А Уленшпигель со своими негодными приятелями был на рынке в Брюгге: там по субботам базарный день.

Были здесь башмачники и латальщики, в отдельных рядах старьёвщики, miesevangers, то есть птицеловы из Антверпена, по ночам ловящие с совами синиц, торговцы птицей, бродяги, подбирающие собак, кошатники с кошачьими шкурками для перчаток, нагрудников и оторочек, всякие покупатели, горожане, горожанки, прислуга, работники, пекари, повара, кухарки, все вперемежку, продавцы и покупатели с криком и бранью, одни расхваливали товар, другие хаяли его.

В одном углу рынка была разбита на четырёх шестах красивая парусиновая палатка. У входа её стоял крестьянин из Алоста[39] с двумя монахами, занятыми сбором приношений, и показывал за патар благочестивым созерцателям осколок ключицы святой Марии Египетской. Надорванным голосом прославлял он добродетели святой, распевая о том, как за неимением денег подвижница натурой уплатила юному водоносу, боясь погрешить против святого духа тем, что не вознаградила труженика.

И монахи усердно кивали в подтверждение того, что он говорит правду. Подле него рыжая толстуха, с виду похотливая, как Астарта[40], дула что есть силы в гнусную волынку, а рядом с ней, точно пеночка, заливалась песней хорошенькая девочка. Но никто не слушал её. Над входом в палатку висела на двух шестах бадья с чудотворной водой из Рима. Так говорила рыжая толстуха, а монахи кивками подтверждали, что это правда. Уленшпигель посмотрел на бадью и задумался.

К одному из шестов палатки был привязан осёл, который, видно, привык питаться больше соломой, чем овсом. Свесив голову, он уставился в землю, очевидно без всякой надежды найти на ней колючку чертополоха.

– Ребята! – сказал Уленшпигель и показал товарищам на толстуху, монахов и унылого осла. – Хозяева поют хорошо; надо бы, чтобы серяк потанцовал.

Сказав это, он побежал в соседнюю лавчонку, купил на шесть лиаров перца и насыпал ослу под хвост.

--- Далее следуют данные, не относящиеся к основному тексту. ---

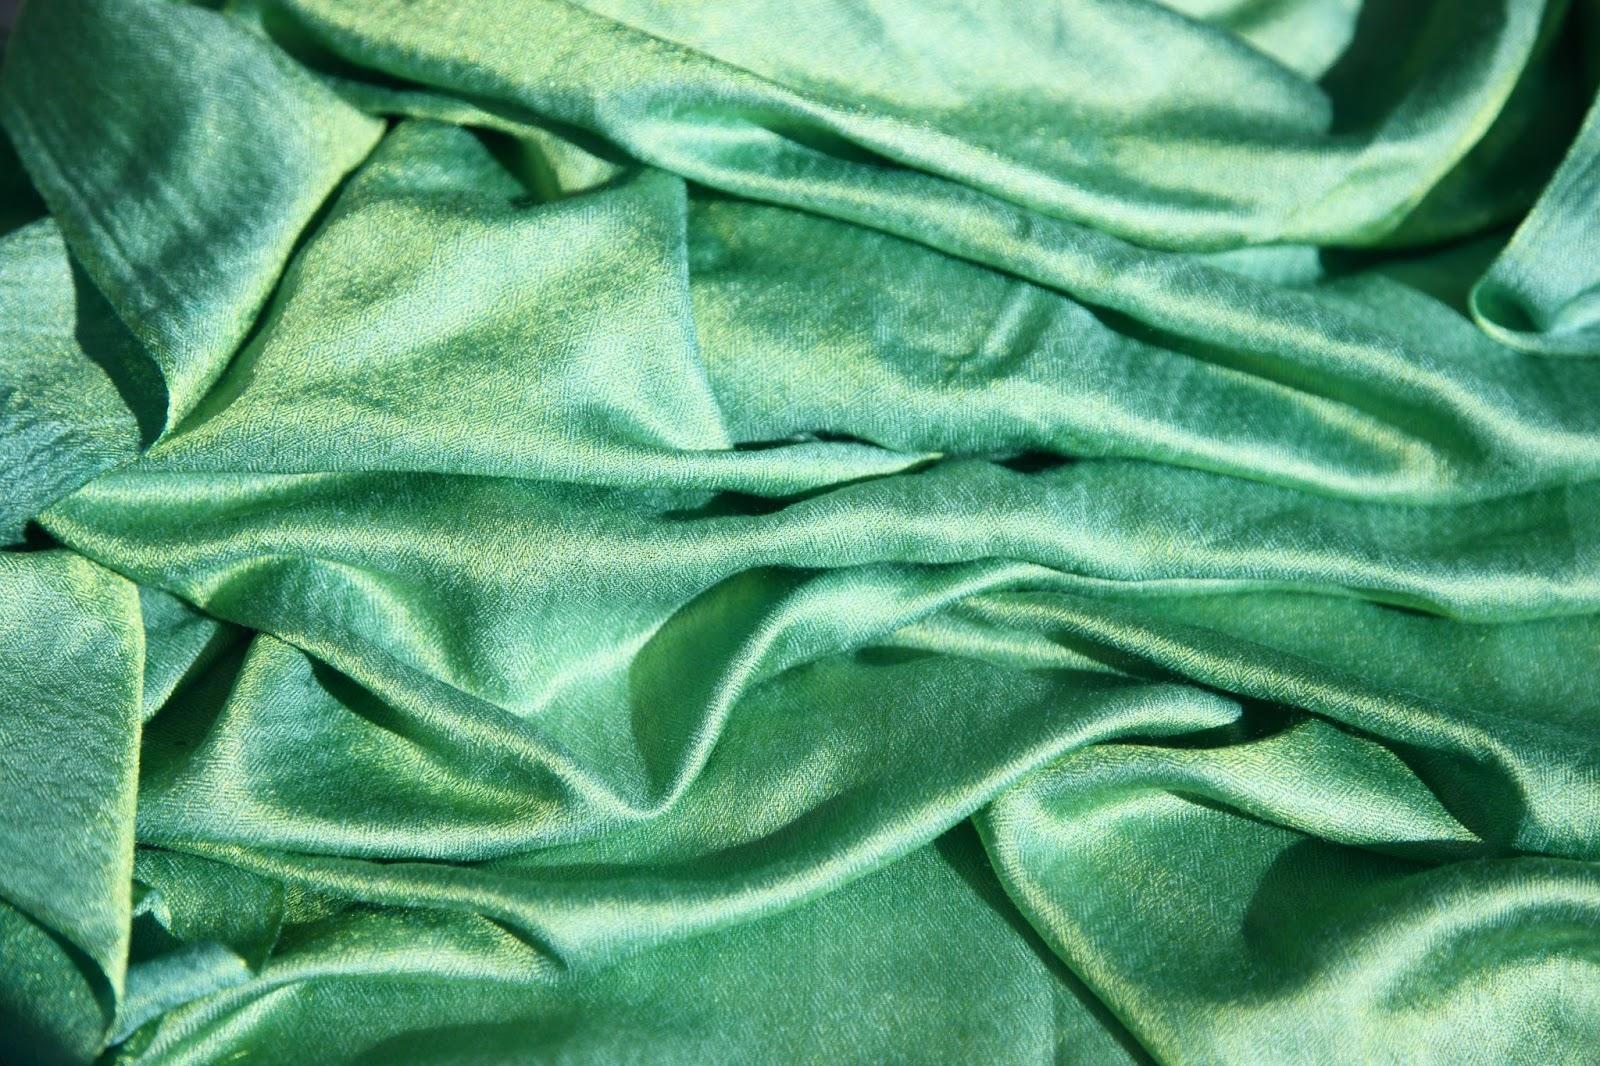 green viscose fabric

Почуяв жжение, осёл потянулся к хвосту и стал осматривать, откуда идёт эта необычайная теплота. Решив, что его поджаривает какой-то дьявол, он рванулся было, заревел, завизжал, забрыкался и изо всех сил дёрнул недоуздок. Шест покачнулся, бадья перевернулась, и вся чудотворная вода вылилась на палатку и на тех, кто был в ней. Свалилась и парусина и мокрым покровом окутала всех, кто слушал историю святой Марии Египетской. Уленшпигель с друзьями, столпившись у палатки, слышали несшиеся оттуда вопли и брань, ибо благочестивые души, свалившиеся там в кучу, пришли в дикую ярость, обвиняя друг друга в несчастии, и бешено колотили кто в кого попадал. Парусина надувалась над этой сутолокой. Всякий раз, как на ней обозначалась выпуклая часть чьего-нибудь тела, Уленшпигель втыкал туда булавку. Ответом были остервенелые крики из-под палатки и новый град колотушек.

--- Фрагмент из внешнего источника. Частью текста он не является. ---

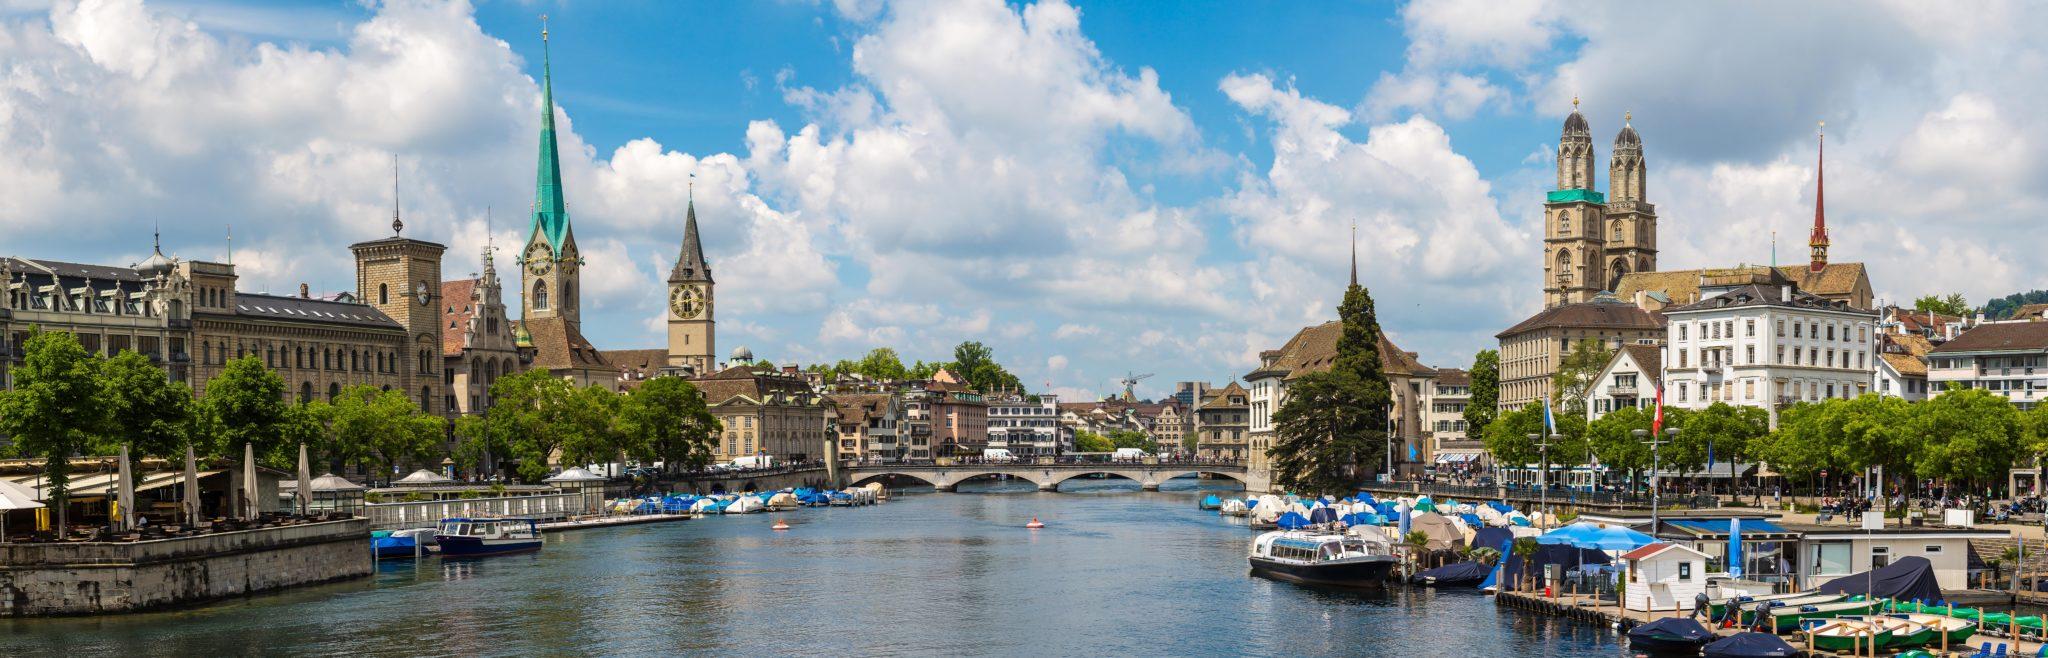 Svizzera, Zurigo

И это уже было достаточно восхитительно, но ещё веселее стало, когда осёл бросился бежать и потащил за собою парусину, бадью и шесты, между тем как хозяин палатки, его жена и дочь хватились за свои пожитки. Осёл, изнемогши, наконец, остановился, поднял морду кверху и ревел непрерывно, изредка только оглядываясь, не гаснет ли огонь, жгущий его сзади.

А благочестивые слушатели продолжали свою возню; монахи, не обращая на них внимания, ползали, собирая деньги, упавшие с тарелок, и Уленшпигель благоговейно помогал им – не без выгоды для себя.

XVIII

Пока негодный сын угольщика рос в удалых забавах, жалкий отпрыск царственного властелина жил в мрачной тоске. Дамы и кавалеры видели, как ковыляет по покоям и переходам замка Вальядолида его тощее тело на неустойчивых ногах, с трудом несущих тяжесть его безобразно большой головы, косматой и белобрысой.

Обычно выискивал он тёмные проходы во дворце и садился в уголок, вытянув ноги. Так он сидел часами, ожидая, что какой-нибудь слуга впопыхах зацепится за его ноги. Слугу секли за это, а принц радовался, слыша его крики под ударами. Но он никогда не смеялся.

На следующий день он устраивал такую же ловушку, усевшись с вытянутыми ногами где-нибудь в другом месте. Фрейлины, придворные и пажи, спеша пробегавшие мимо него, спотыкались, падали, убивались. Это было ему приятно, но он не смеялся.

Если кто-нибудь натыкался на него и не падал, он вскрикивал, точно его ударили, и ужас испуганного человека веселил его. Но он никогда не смеялся.

Его святейшему величеству было доложено об этом поведении: последовал приказ не обращать на инфанта внимания. Ибо, сказал император, если инфант не хочет, чтобы ему наступали на пальцы, то пусть не вытягивает их там, где ступают ноги.

Это не понравилось Филиппу, но он не сказал ничего, и с тех пор его видели лишь изредка, когда он в тёплый летний день грел на солнце своё зябкое тело.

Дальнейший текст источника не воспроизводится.